On July 1, 2012, the Value Added Tax (VAT) will replace the Goods and Services Tax (GST). VAT and GST present certain similarities—both are indirect taxes levied on sales, and the final consumers bear the ultimate burden of the tax. But VAT will correct some undesirable effects of the GST, such as the cascading and distorting ones. In that respect, VAT significantly improves the tax system.

How does GST work?
GST was implemented in 2003 and is levied on the importation of all goods, unless exempted under the Goods and Services Tax Regulations 2003. GST is also levied on the sales turnover of specified manufacturers of goods produced in Seychelles and on specified service providers. Initially GST was imposed at the point of entry and at the point of sale for professional service providers. Over the years, only holders of the Tourism Incentive Act (TIA) certificate benefitted from a GST concession on imported goods. In 2010, the concession was extended to other businesses. Actually, GST works as a turnover tax without deduction of the input tax.

How does VAT work?
VAT is a broad-based tax, levied on all imported goods at the point of entry by Customs and on domestic supplies of goods and services made by VAT registered businesses, with a few exemptions specifically designated in the Value Added Tax Act 2010.

VAT versus GST?
When a VAT registered taxpayer purchases goods or incurs expenses for the purpose of his/her business, he/she is allowed to offset the tax paid on these inputs (input tax) against the tax collected from his/her customers (output tax). The difference - if any - is remitted to Seychelles Revenue Commission. In contrast, if input tax exceeds output tax, there is a VAT credit that can be either carried forward or refunded. So, these typical VAT mechanisms prevent double taxation and cascading effects allowed by GST. The following table provides examples of respective GST and VAT mechanisms.

GST Mechanism

GST

VAT Mechanism

VAT

A is an importer he imports a good whose value is 100

15

A is an importer he imports a good whose value is 100. He will pay VAT SR 15 to customs

100 * 15% = 15

A sells the good to B (local manufacturer) SR 200. A will not pay GST on his turnover

0

A sells the good to B (local manufacturer) SR 200. A will collect VAT (SR 26) from B but will deduct (SR 15).
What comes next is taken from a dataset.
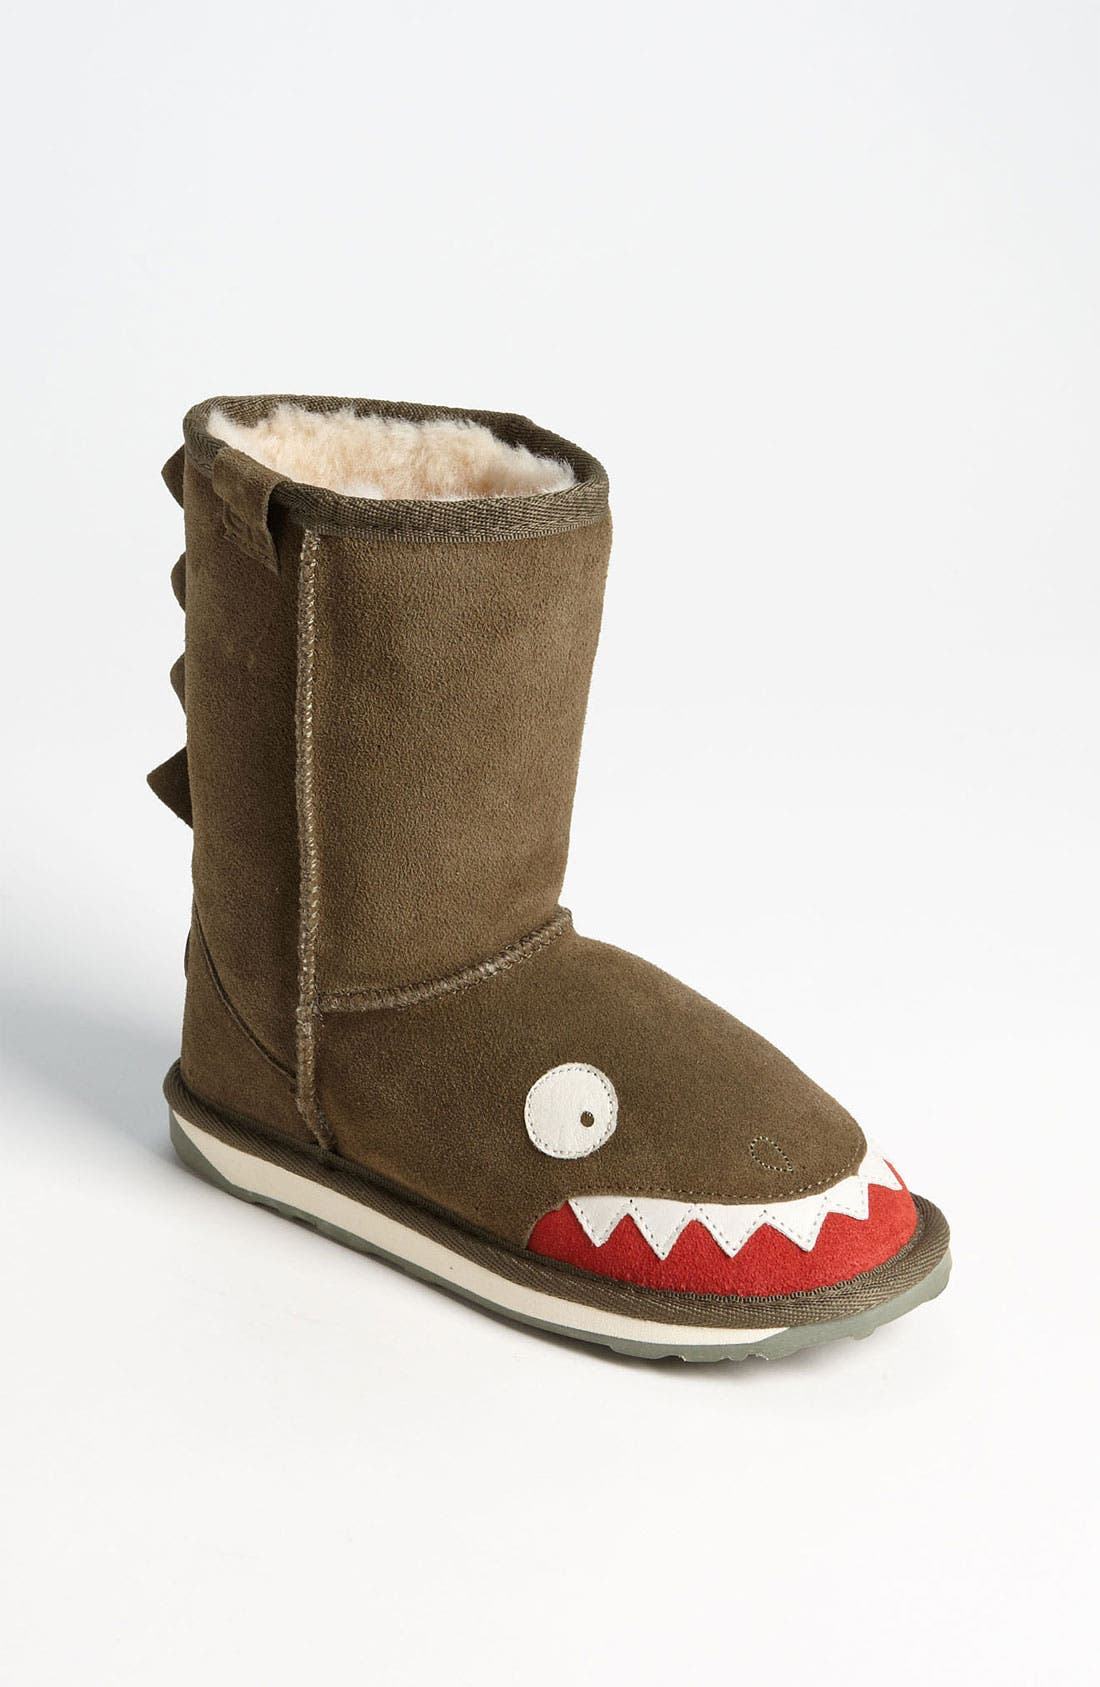 Alternate Image 1 Selected - EMU Australia 'Little Creatures - Croc' Boot (Toddler, Little Kid & Big Kid)
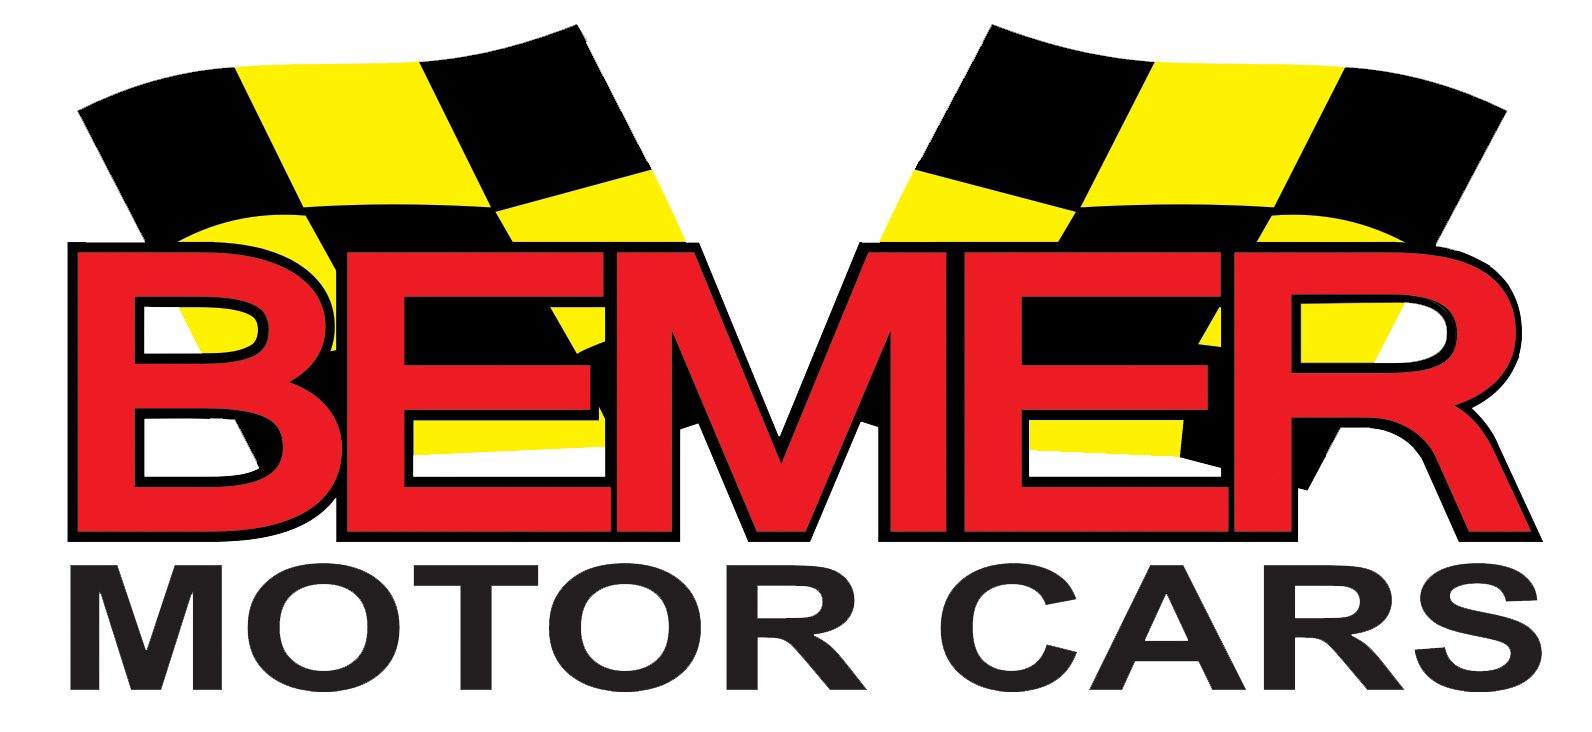 Cargurus houston maserati maserati granturismo convertible for Dean motor cars houston tx

His VAT liability will be SR 11

26 - 15 = 11

B sells the good (SR 300) to a service provider C. B will pay GST (33) on his turnover

33

B sells the good (SR 300) to a service provider C. B will collect (39.1) from C but will deduct SR 26. His VAT liability will be SR 13.1

39.1 - 26 = 13.1

C sells a service to D a Seychellois household. The service costs SR 400, C will apply the GST on his turnover (SR 52,1)

53

C sells a service to D a Seychellois household. The service costs SR 400, C will collect VAT (SR52.1) from D, but will deduct SR (39.1). His VAT liability will be SR 13

52.1 - 39.1 = 13

Total tax levied

SR 101



SR 52.1



Conclusion
With VAT, the total amount collected is equivalent to the last taxable supply (400 x 3/23 = SR52.1), meaning that there is no tax on tax effect. The VAT fraction (3/23) is used to derive the exact amount of VAT when the selling price of a good or a service is VAT inclusive.